Dear UMPI Community,
On March 31, 1968, Dr. Martin Luther King, Jr. stated: “We shall overcome because the arc of the moral universe is long but it bends toward justice.”
Yesterday, April 20, 2021, a diverse jury in Minneapolis, comprised of seven women and five men, individuals who identified as white, Black, and multi-racial, from their 20s into their 50s, unanimously found the former officer who killed George Floyd on Memorial Day, 2020 guilty on all counts.

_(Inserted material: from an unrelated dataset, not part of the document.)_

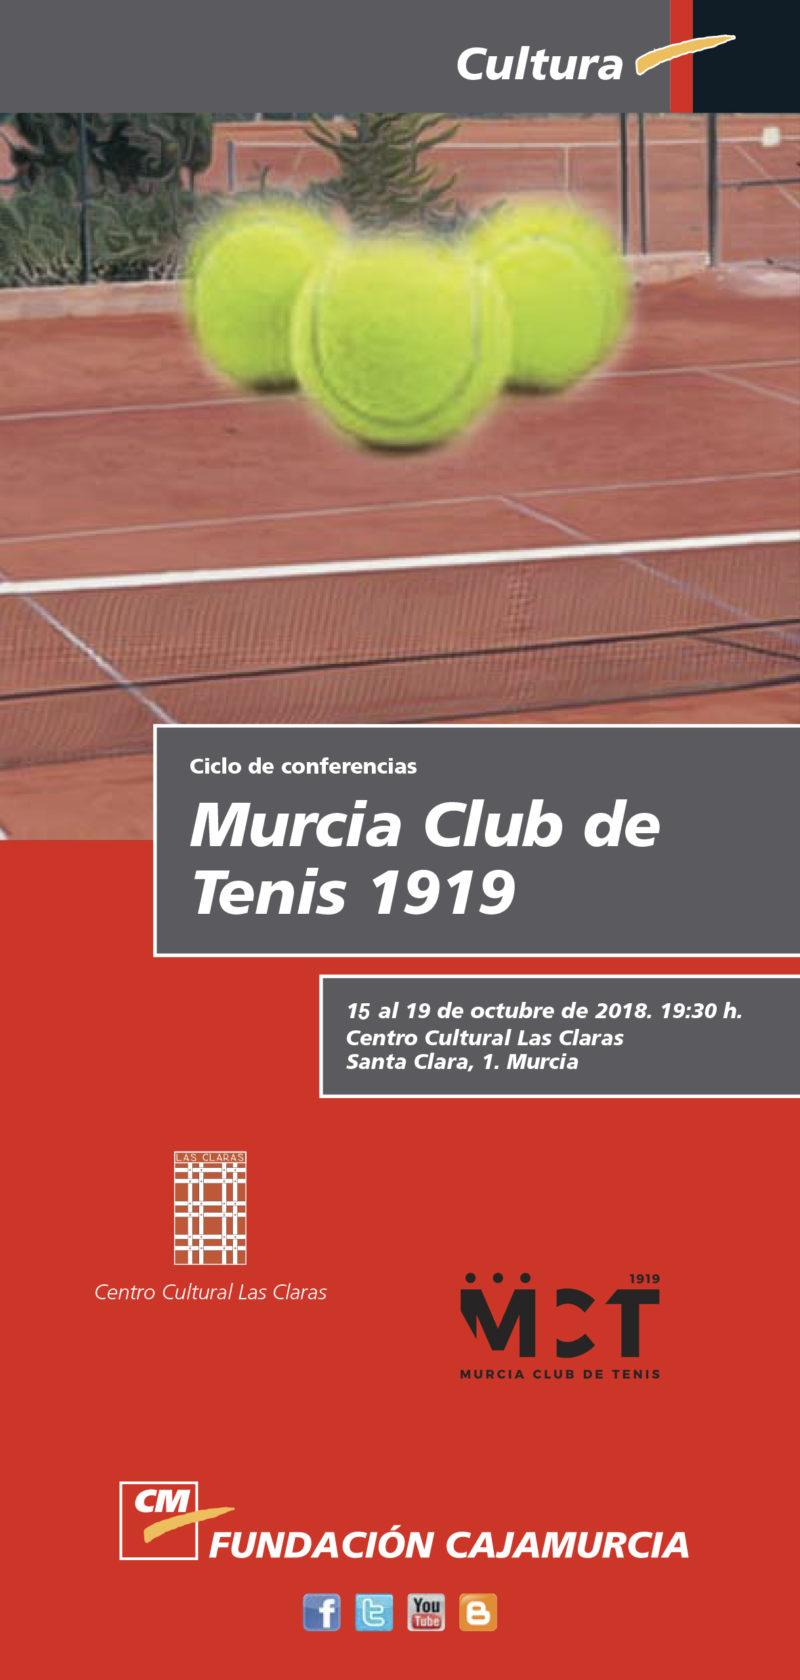 brand new 6655a 97bdc lam-conf-murcia-club-tenis-cleaned-1-800x1680-2.jpg

The verdict underscores the vital import of the application of justice but it represents only the very beginnings of the arc that Dr. King described. Its acknowledgement of the tragic injustice suffered by George Floyd must serve as a reminder of the vast divisions within our society, between those who are insulated from oppression and those who face it every waking hour, ones further exacerbated by the Covid-19 pandemic. Now, more than ever, we need to hear those who experience this injustice and identify the work in which we must all participate to forge not just greater equity and inclusion but a pervasive sense of justice to which we all have recourse. To that end, I invite everyone within the extended UMPI community to the UMS TRANSFORMS session advancing Diversity, Equity, and Inclusion on Friday, April 23, from 9 a.m. to 12 p.m.
As noted by Chancellor Malloy yesterday, only by naming and engaging the inequity that individuals within our own communities suffer—whether from systemic racism, gender or religious or ethnic stereotypes, or through inaccessibility to our services and facilities—can we begin to answer Dr. King’s call for a moral universe that embraces us all.
Today, we must each rededicate our efforts to making that universe a reality.